Task requirements »
Copy the data below exactly. Any pictures in it should be omitted.

Data »
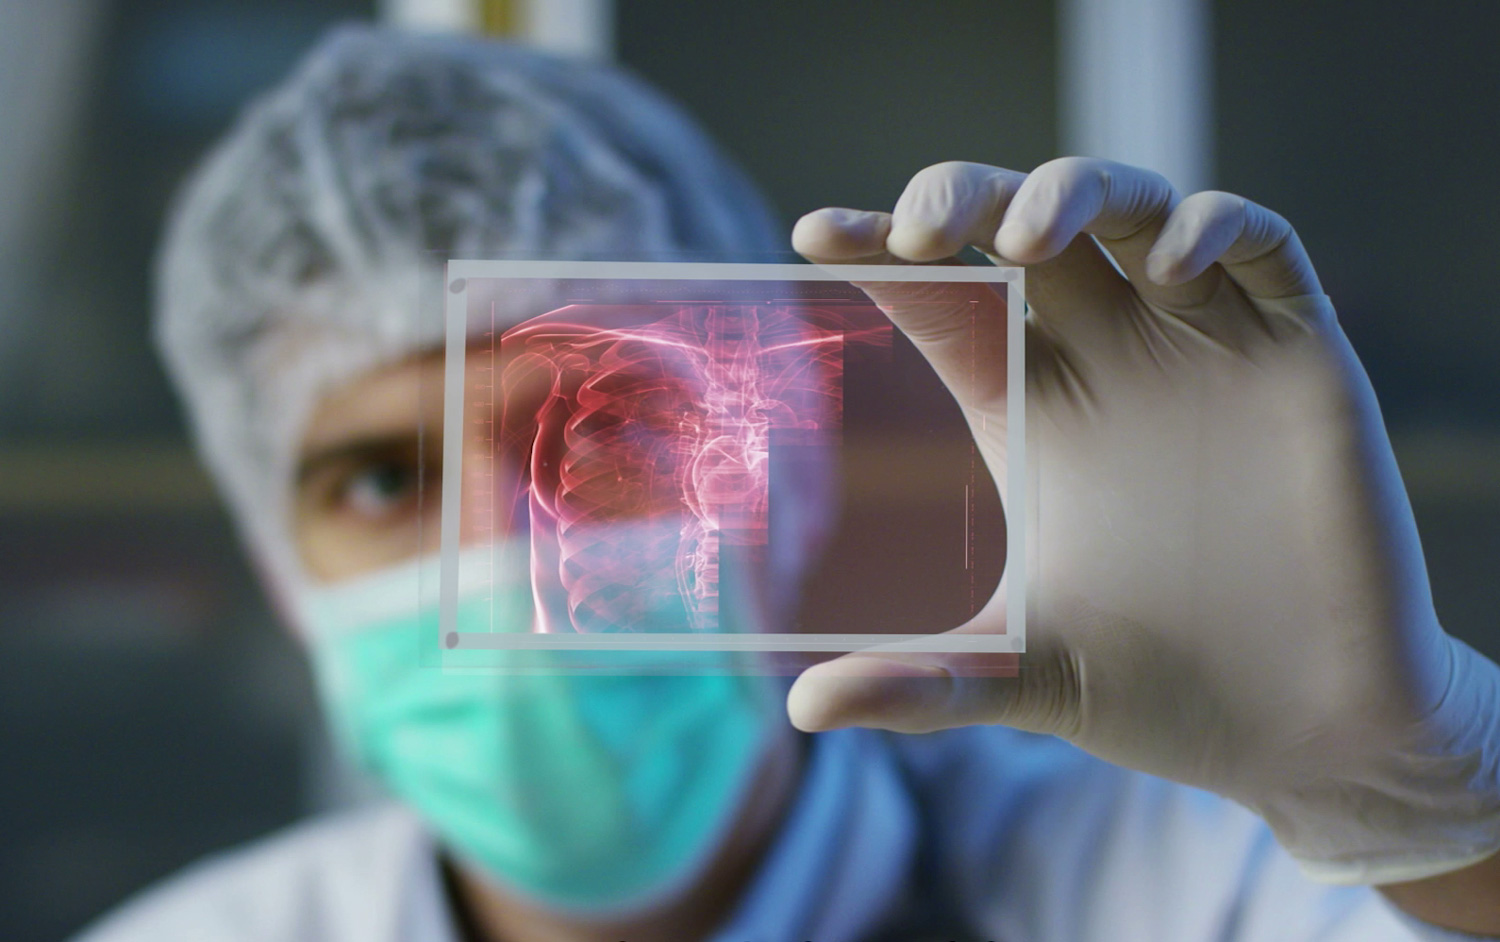 Ein Arzt betrachtet die Patientenanatomie in Form eines Hologramms
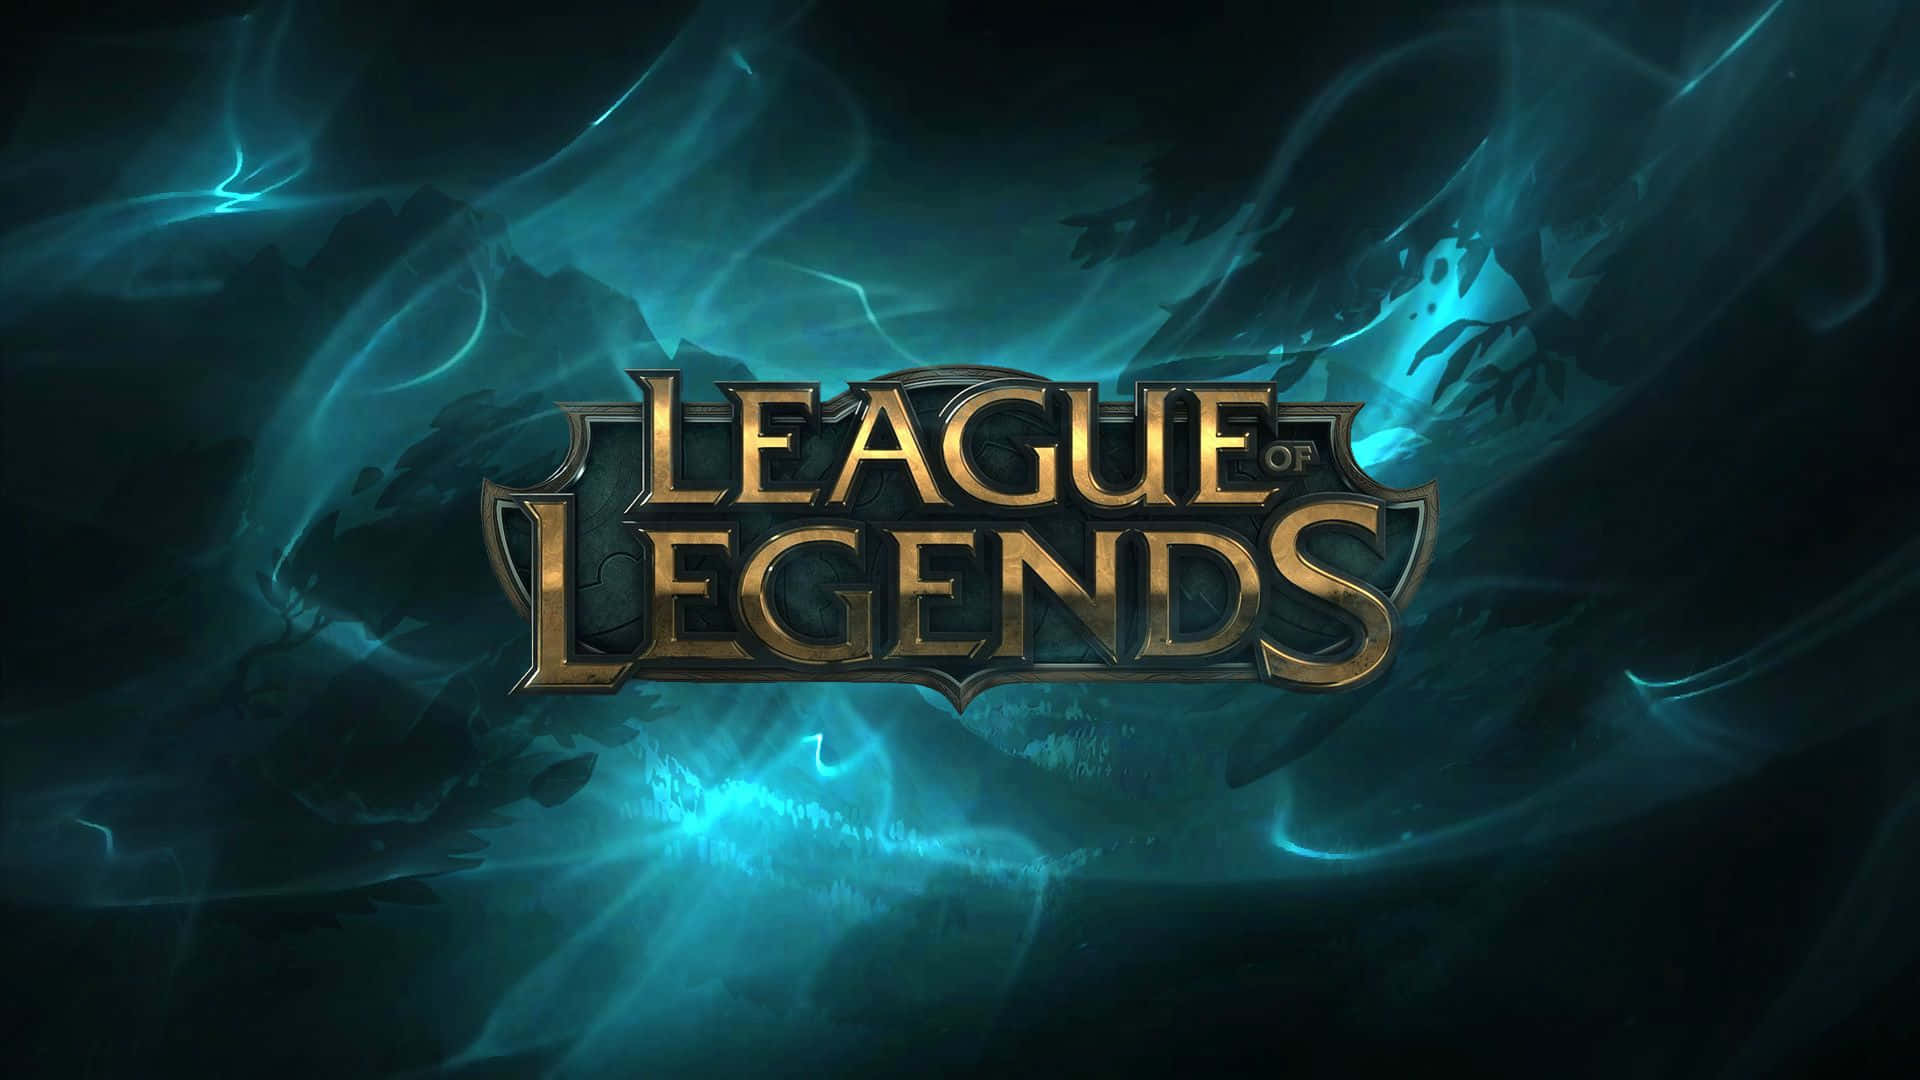 100+] 1920x1080 League Of Legends Backgrounds
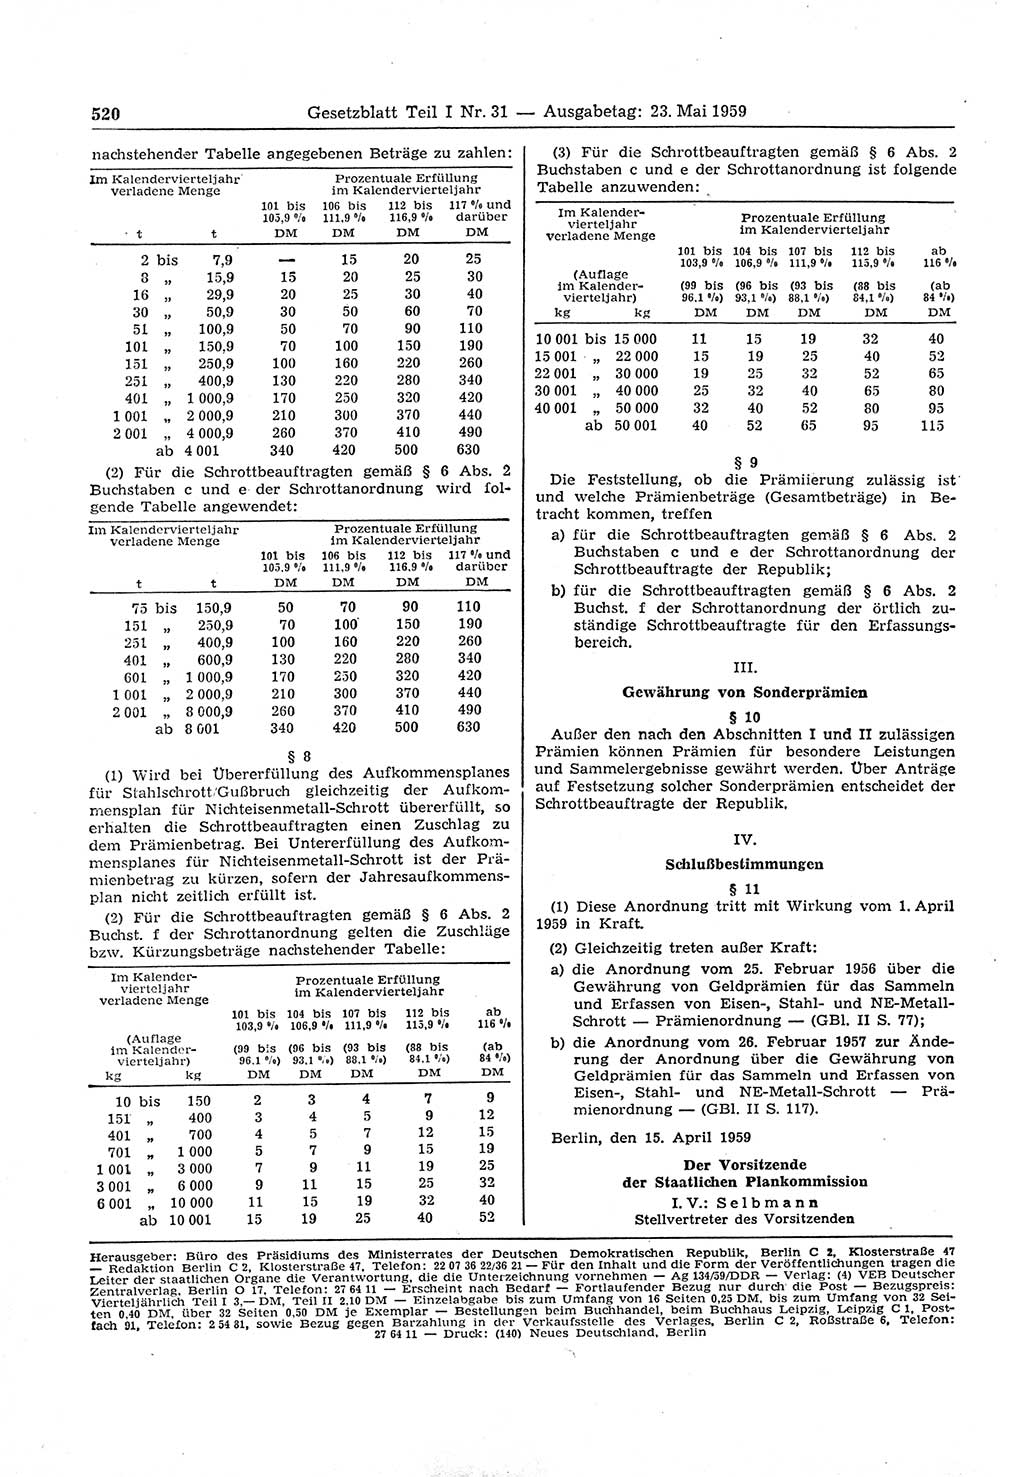 Gesetzblatt (GBl.) der Deutschen Demokratischen Republik (DDR) Teil Ⅰ 1959, Seite 520 (GBl. DDR Ⅰ 1959, S. 520)
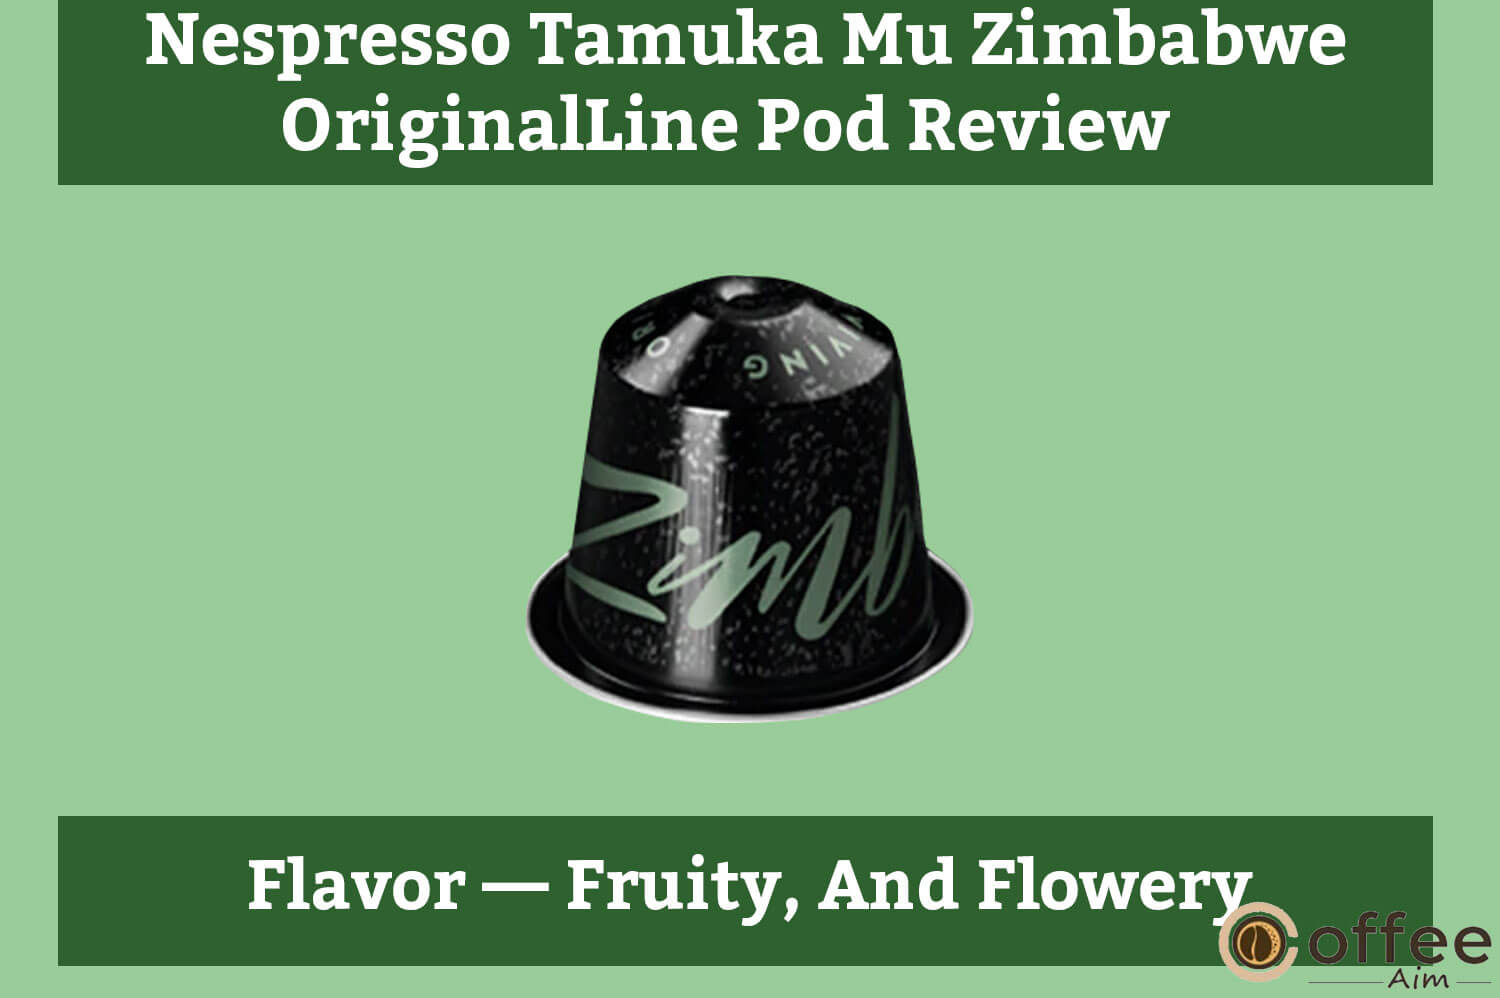 The image depicts the flavor profile of "Nespresso Tamuka Mu Zimbabwe OriginalLine Pod" discussed in the article "Nespresso Tamuka Mu Zimbabwe OriginalLine Pod Review."

Answer to this problem »
 Ein Arzt betrachtet die Patientenanatomie in Form eines Hologramms
 100+] 1920x1080 League Of Legends Backgrounds
 Gesetzblatt (GBl.) der Deutschen Demokratischen Republik (DDR) Teil Ⅰ 1959, Seite 520 (GBl. DDR Ⅰ 1959, S. 520)
 The image depicts the flavor profile of "Nespresso Tamuka Mu Zimbabwe OriginalLine Pod" discussed in the article "Nespresso Tamuka Mu Zimbabwe OriginalLine Pod Review."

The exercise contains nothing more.